Since the discovery of tissue-resident stem cells, they have been widely used in both fundamental and clinical research. BM-SSCs have shown plasticity in vitro, and subsequently, many research groups have adopted BM-SSC therapy with the hope that BM-SSCs can cure diseases by differentiating into local cell types. However, BM-SSCs rarely or never differentiate into cell types outside the skeletal lineage (Caplan, 2017). Within the skeletal lineage, when considering reconstruction of the cartilage, synovium-derived stem cells showed a higher chondrogenic potential than BM-SSCs (Sasaki et al., 2018). Cartilage regeneration using BM-SSCs requires genetic modification or induction (Chan et al., 2015), but perichondrium-derived stem cells could directly form cartilage (Kobayashi et al., 2011).
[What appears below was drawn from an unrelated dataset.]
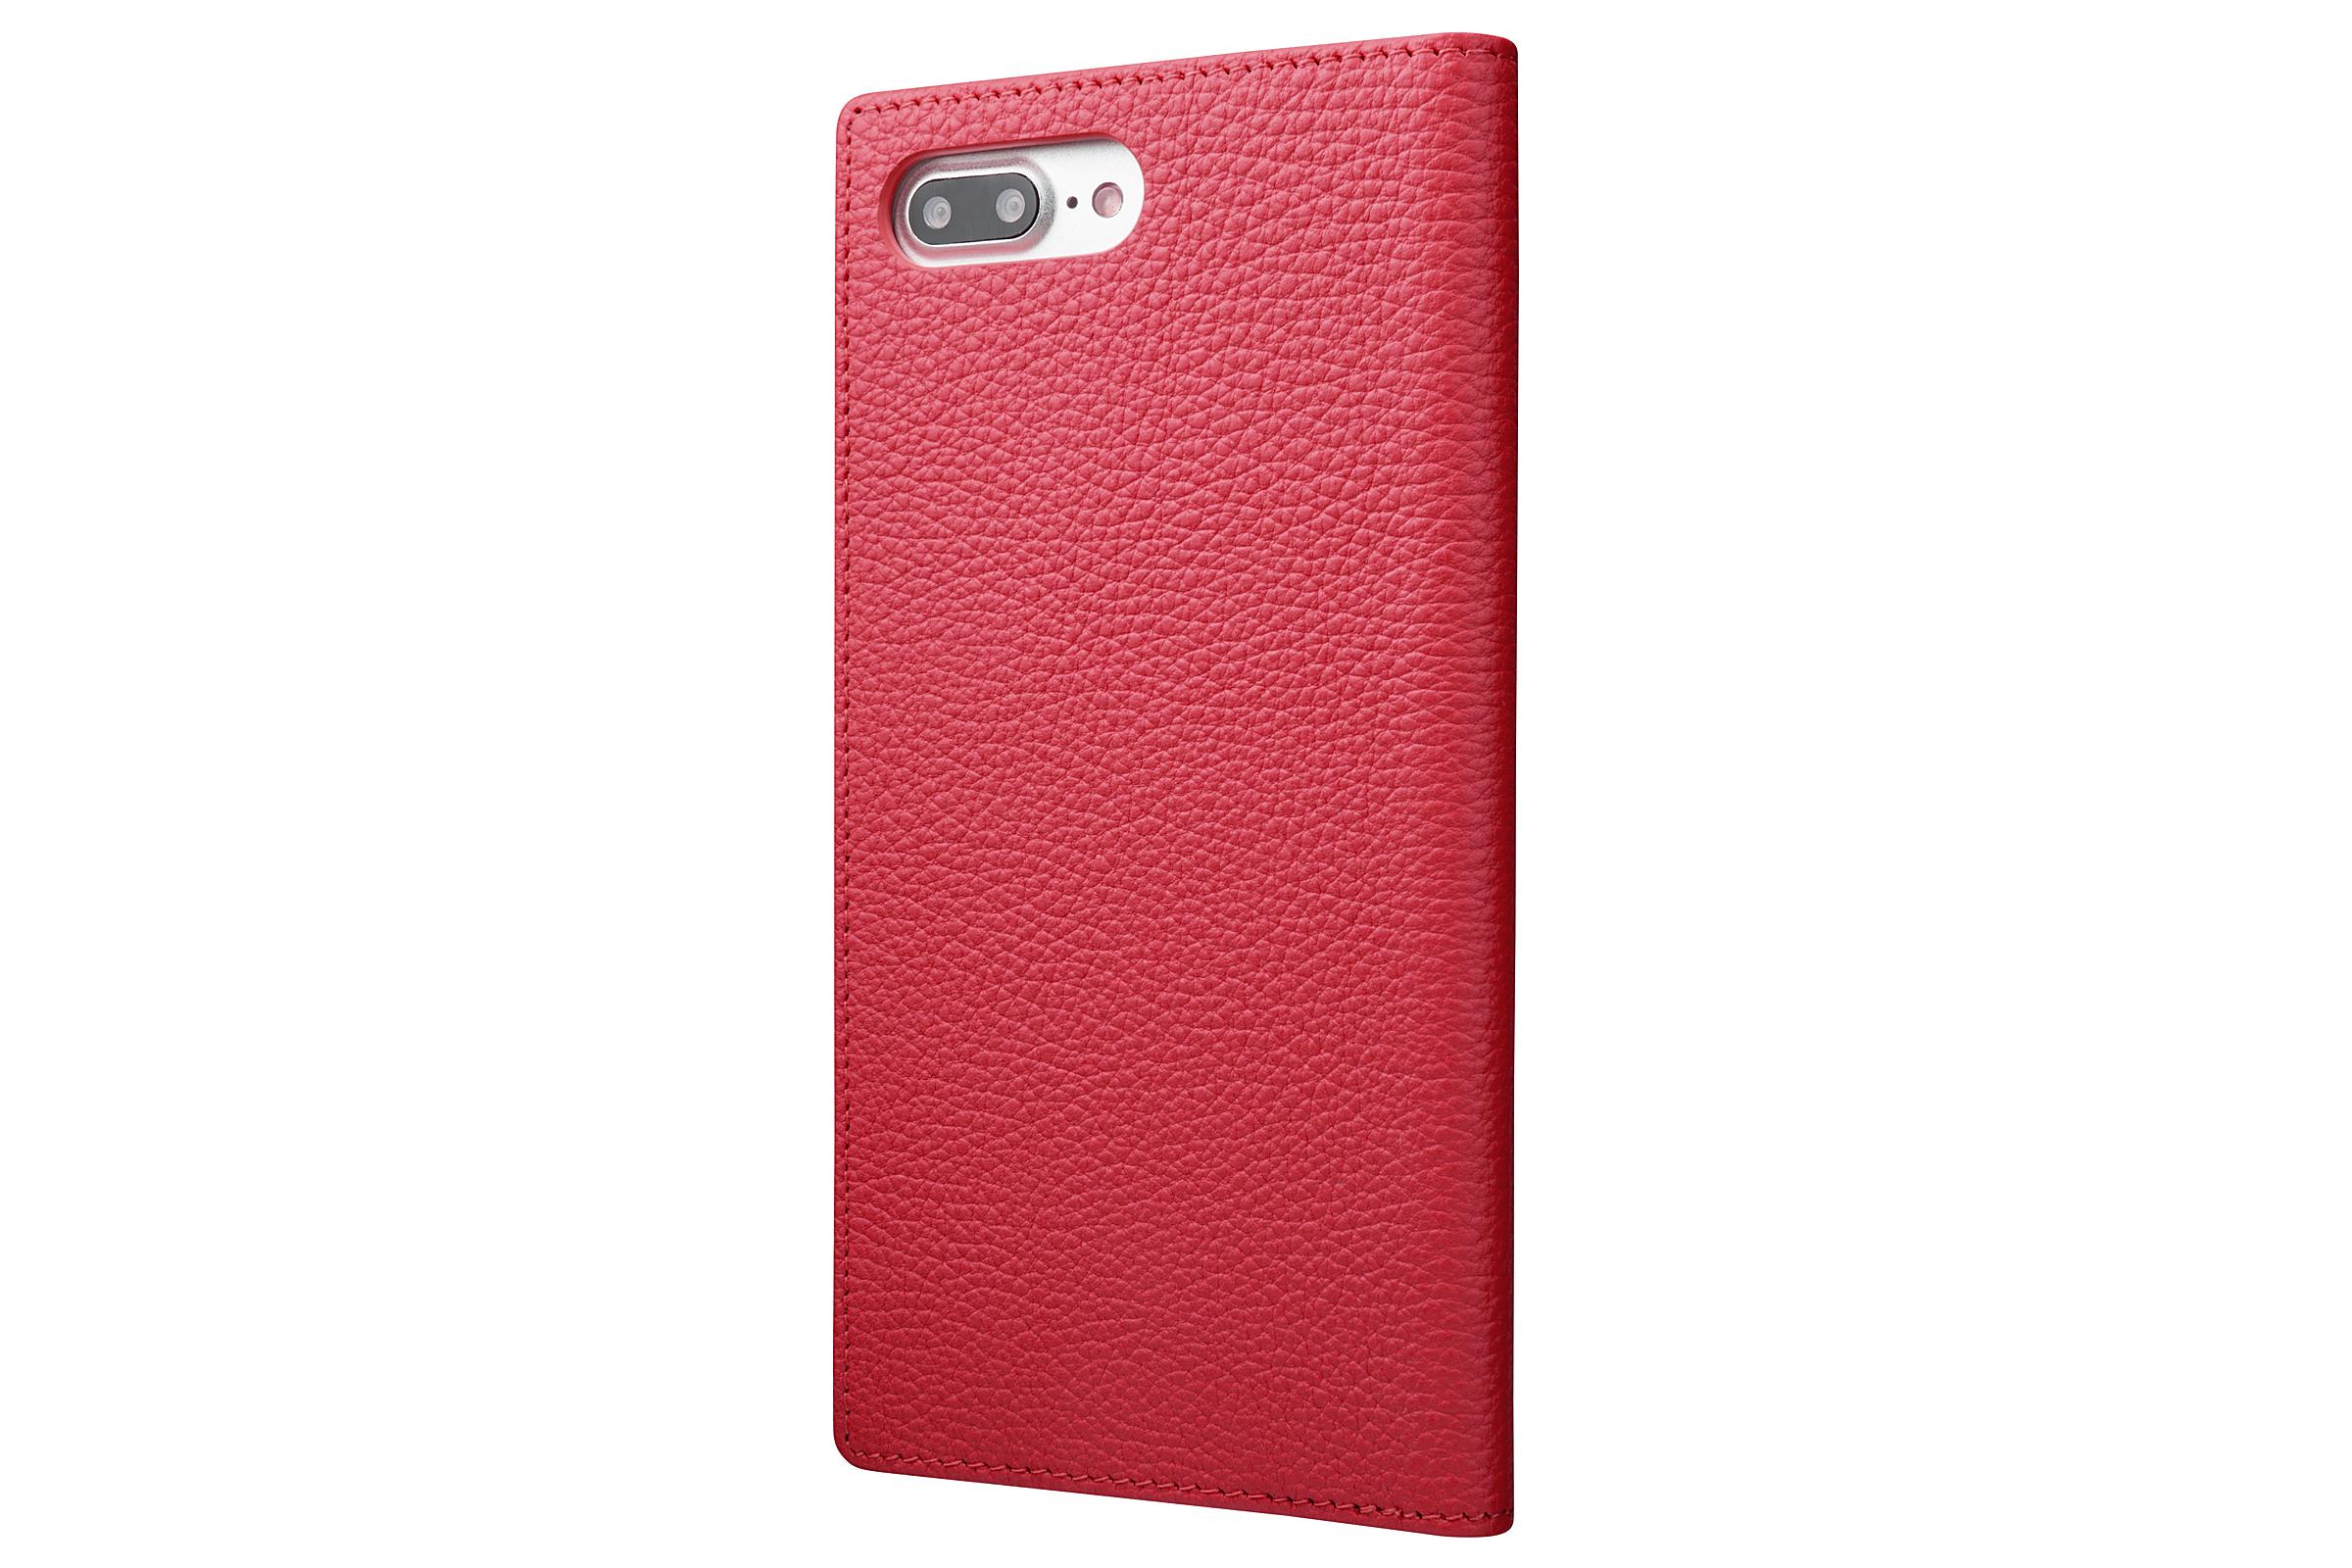 GRAMAS Shrunken-calf Full Leather Case for iPhone 7 Plus(Pink) シュランケンカーフ 手帳型フルレザーケース - 画像2

Similarly, P-SSCs appear to be a better choice than BM-SSCs for bone tissue reconstruction, where we do not want to see too much cartilage. Tissue-resident stem cells carry tissue-specific memories. Therefore, we need to be very careful when trying to use SSCs as a therapy. Before transplantation, we need to determine whether cartilage or bone is needed. In other words, the best cells should be chosen for the best treatment.